* Activity *
Only the lines from the one with "UZH - URPP LightChEC" through the end of the material are wanted, copied exactly and with the pictures left out.

* Dataset content *
*** Begin section ***

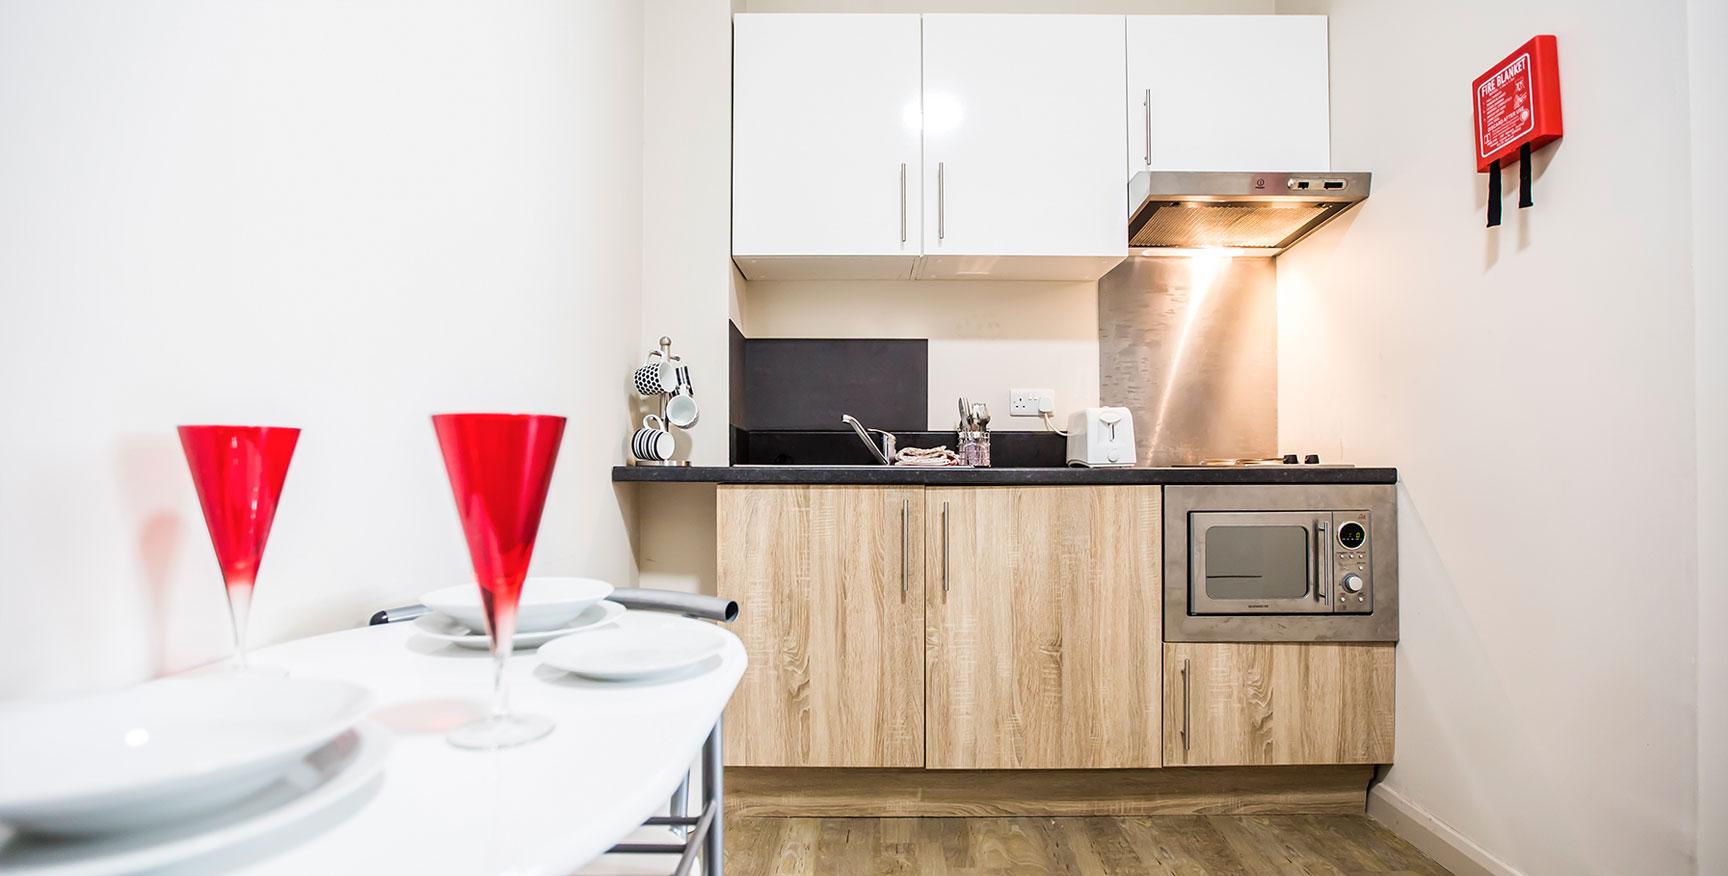 Alexandra House - Luxury Student Accommodation Sheffield (a typical kitchen)
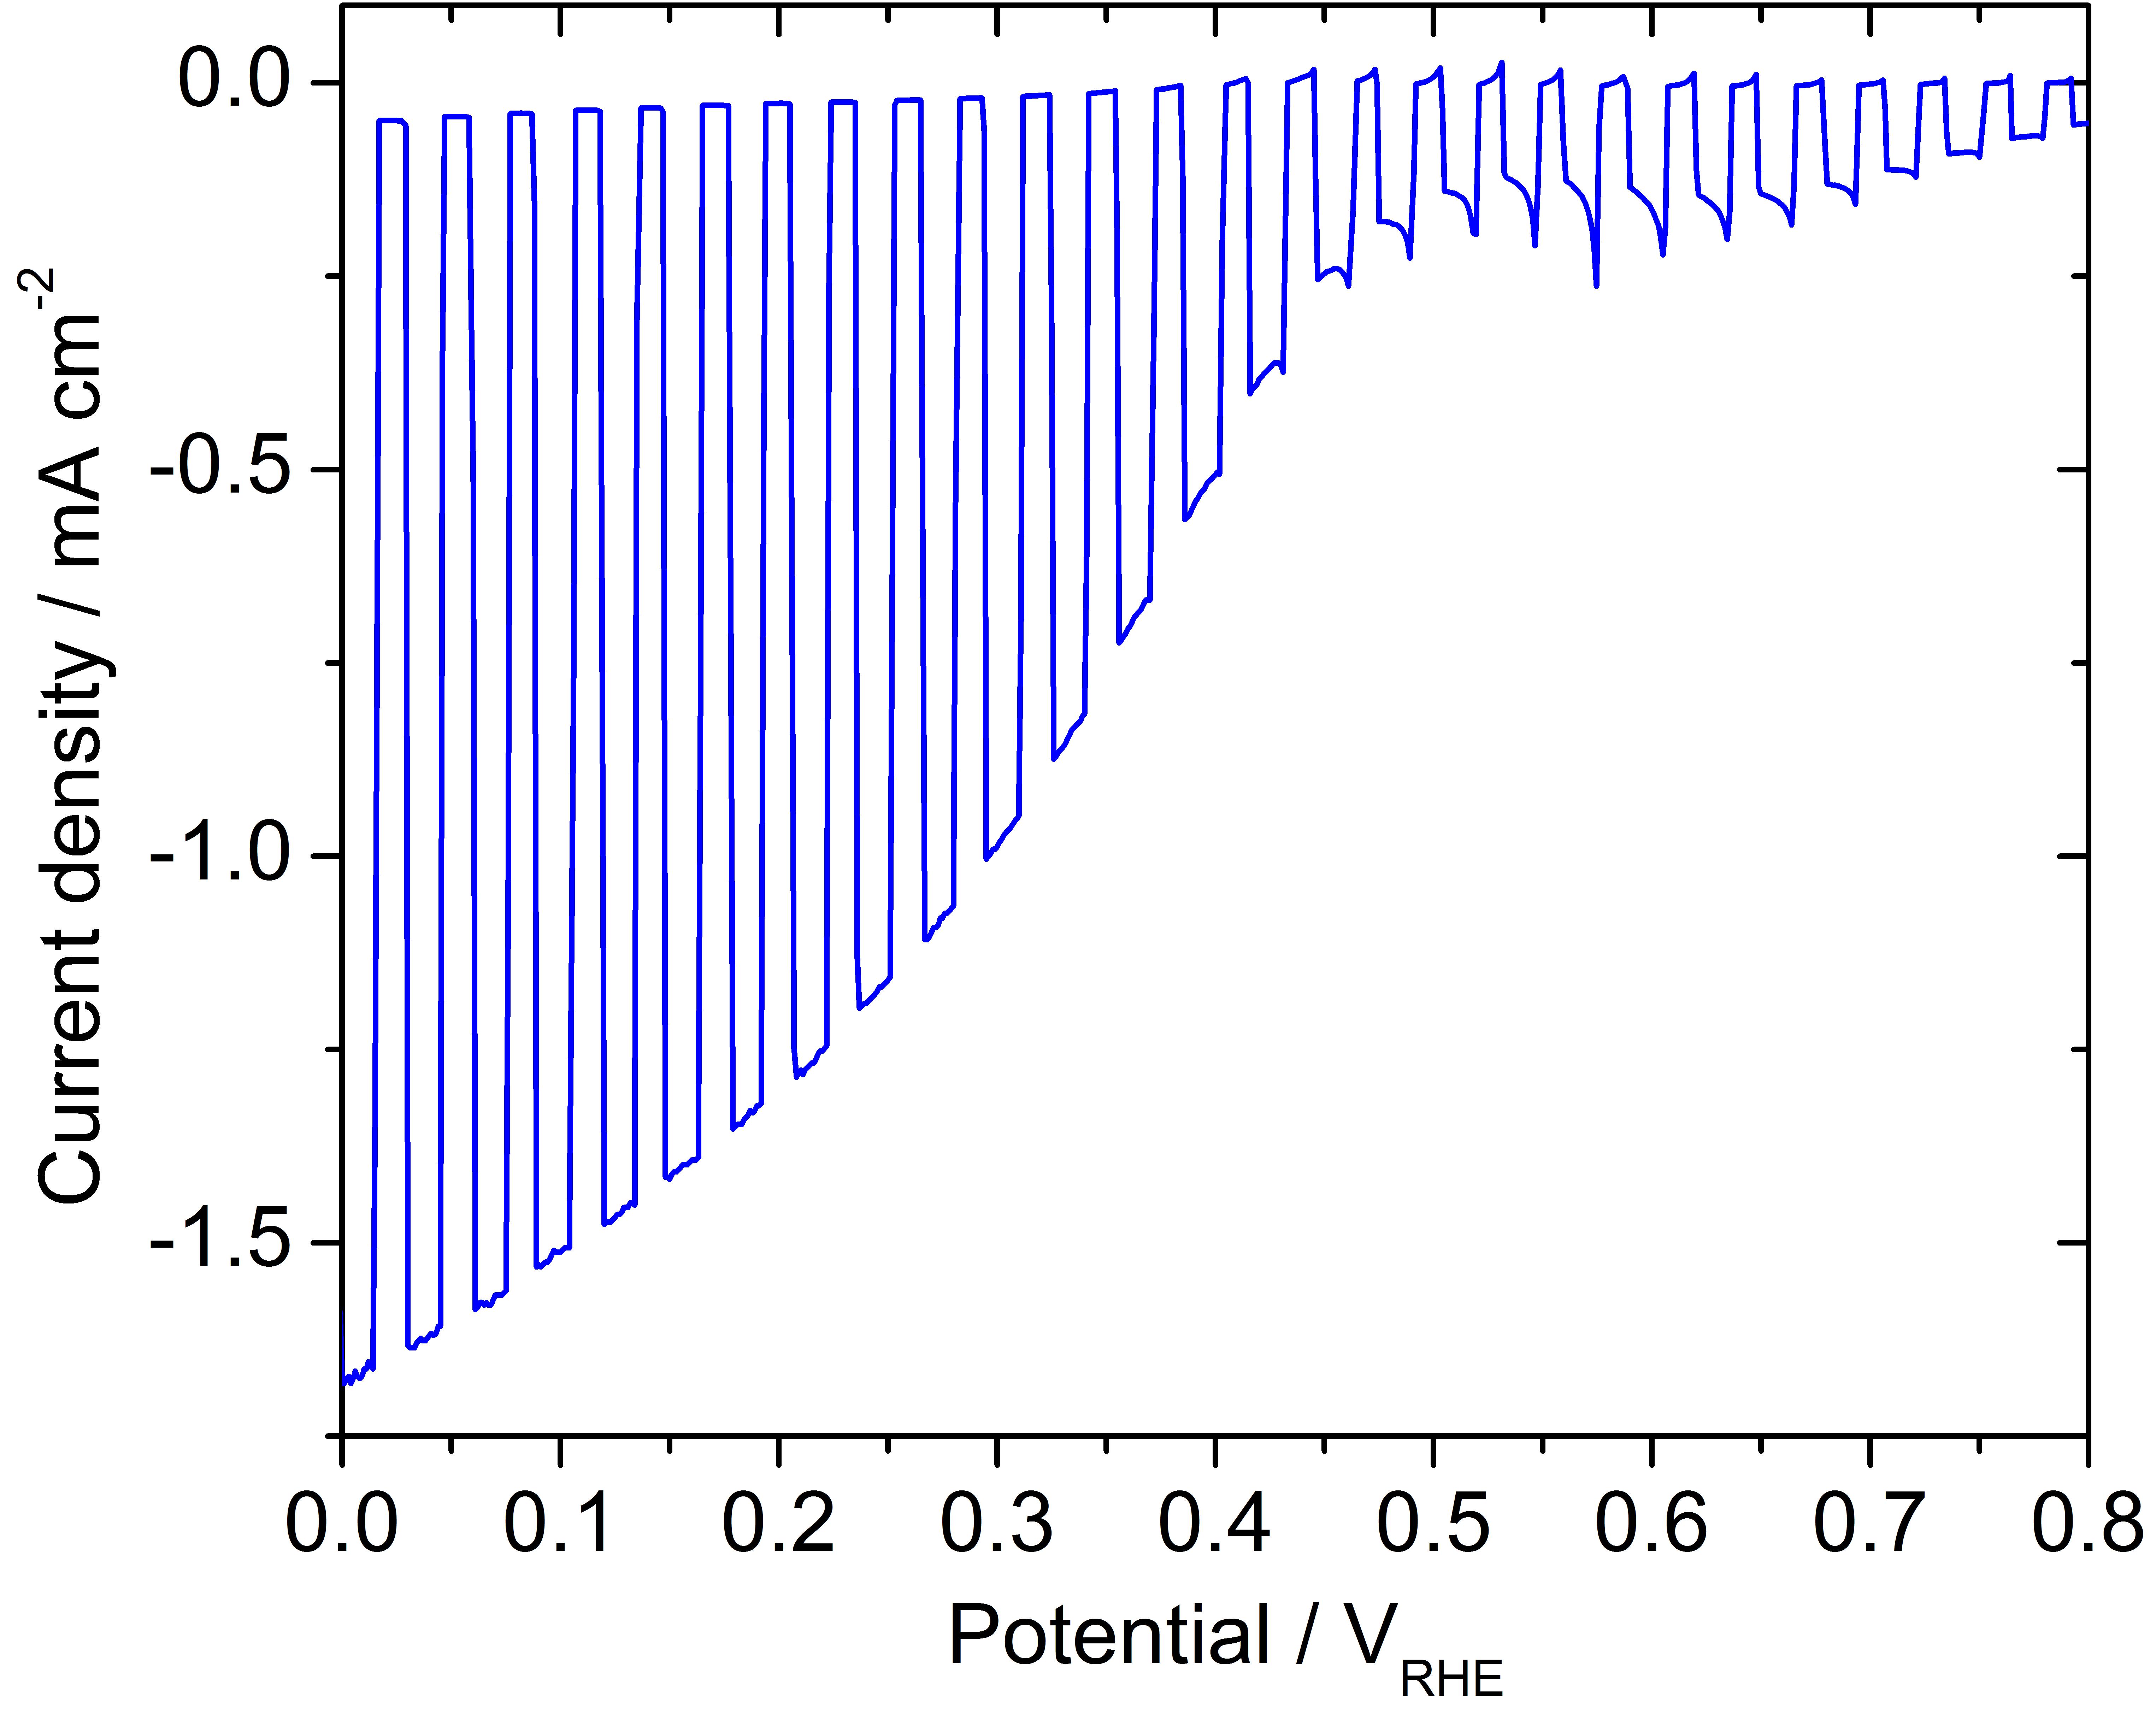 UZH - URPP LightChEC - Photoelectrochemical Water Splitting
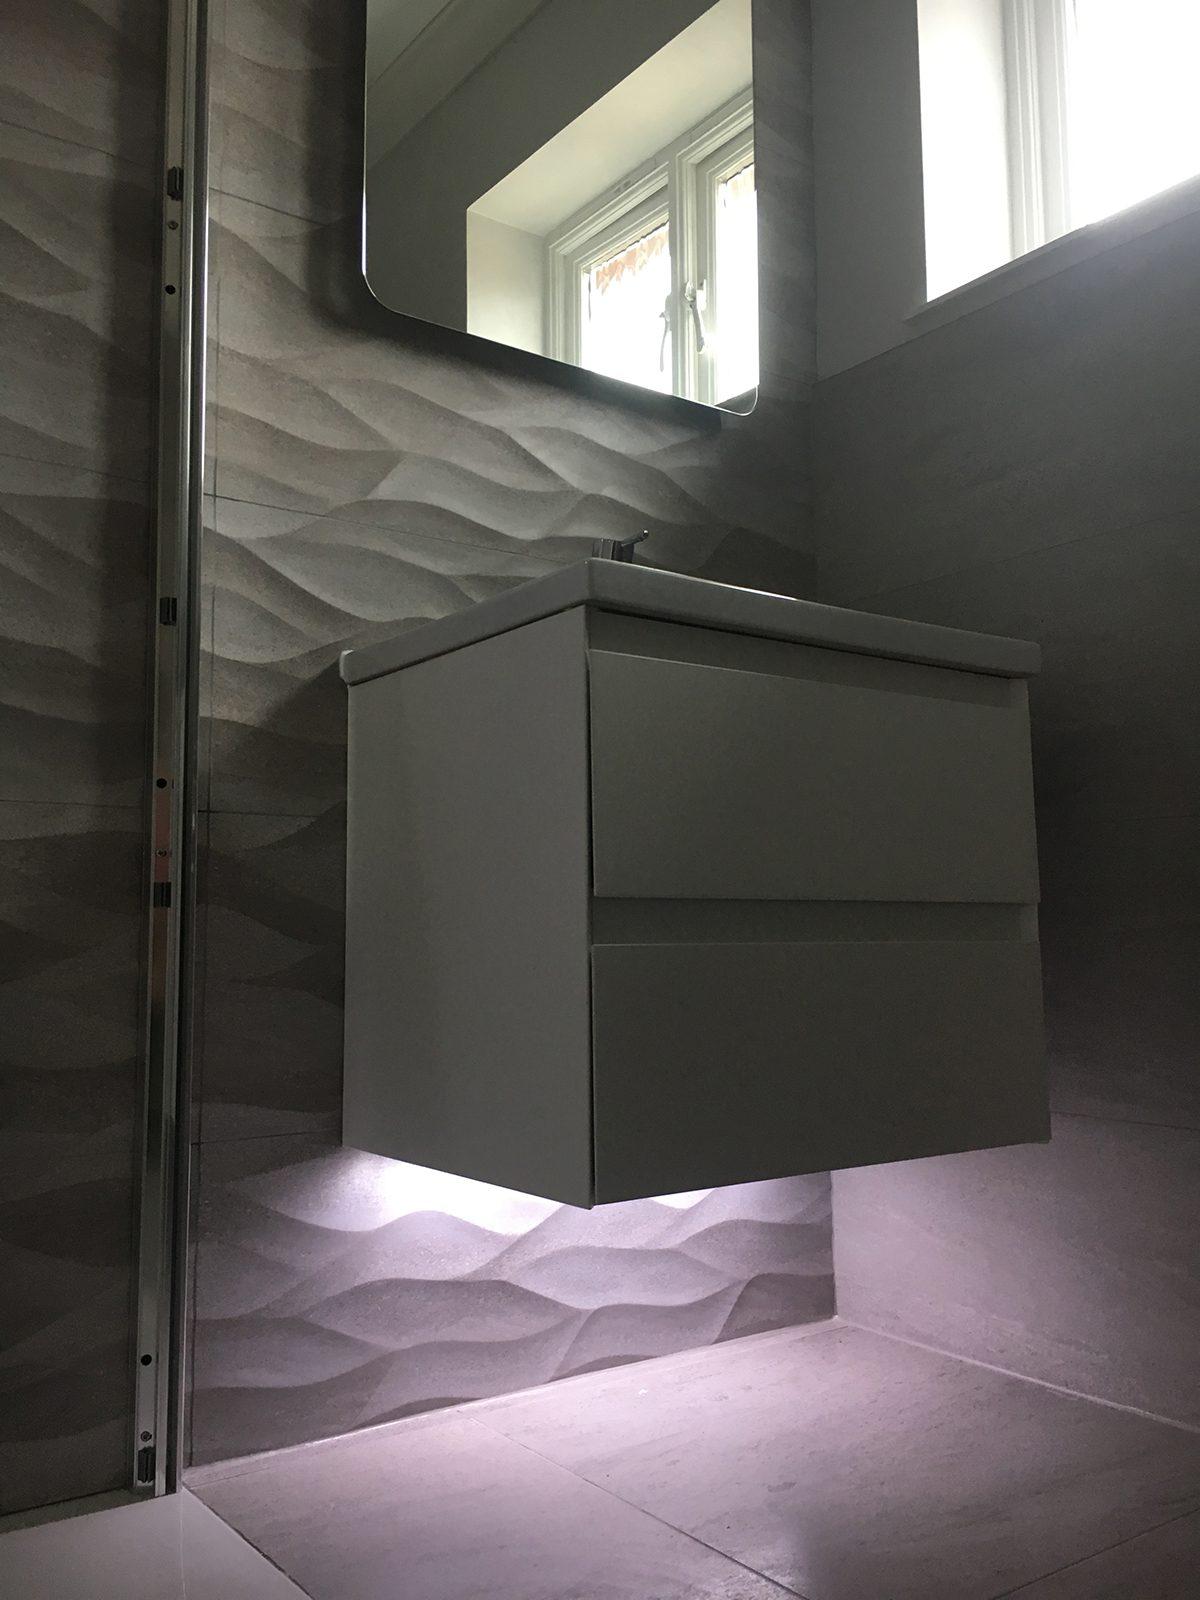 The Cambridge Bath Co bathroom storage with lighting
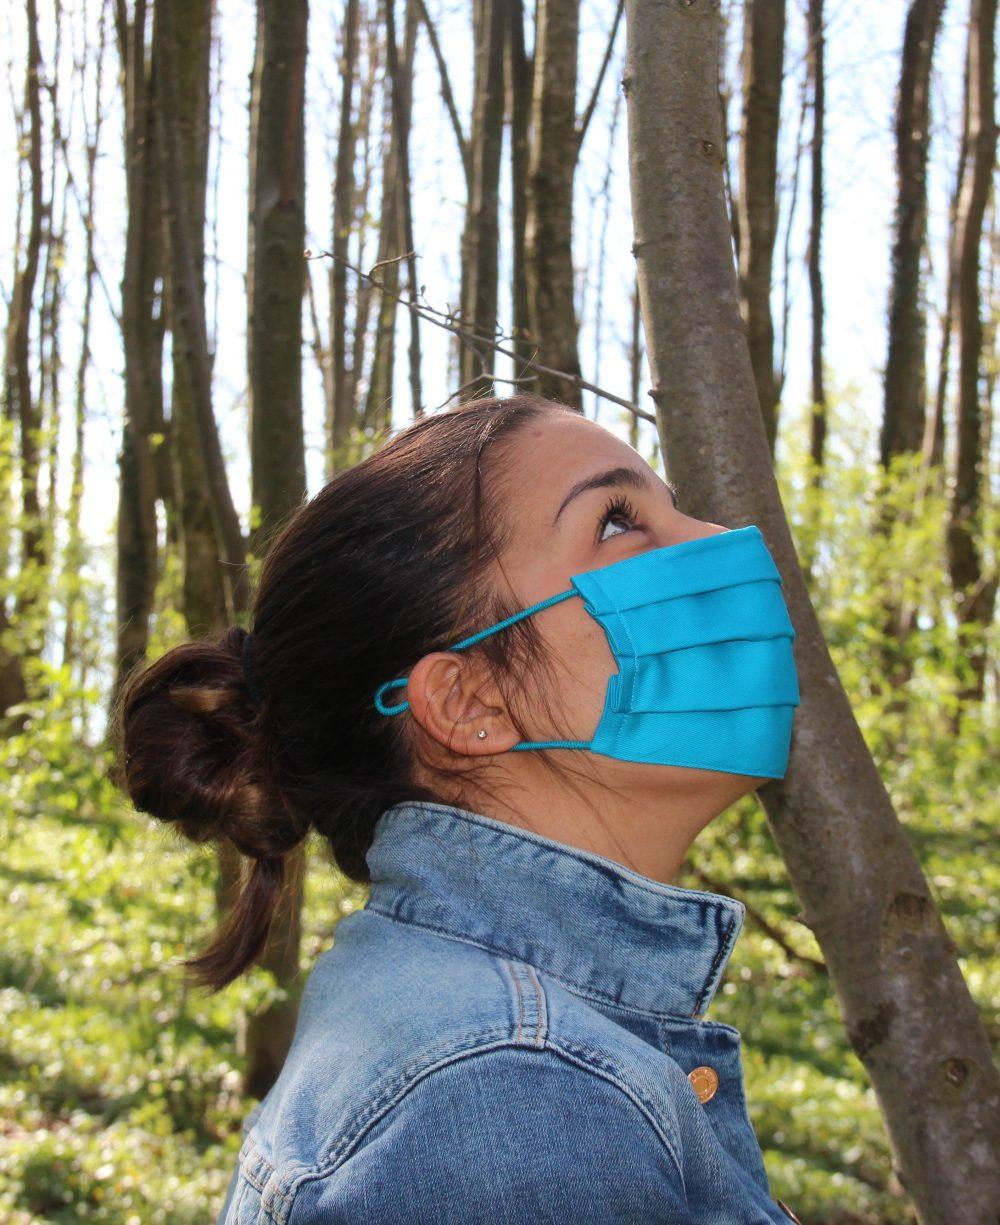 ozeanblau-Schnauferl-dialysebekleidung-diazipp

*** End section ***

* Result *
 UZH - URPP LightChEC - Photoelectrochemical Water Splitting
 The Cambridge Bath Co bathroom storage with lighting
 ozeanblau-Schnauferl-dialysebekleidung-diazipp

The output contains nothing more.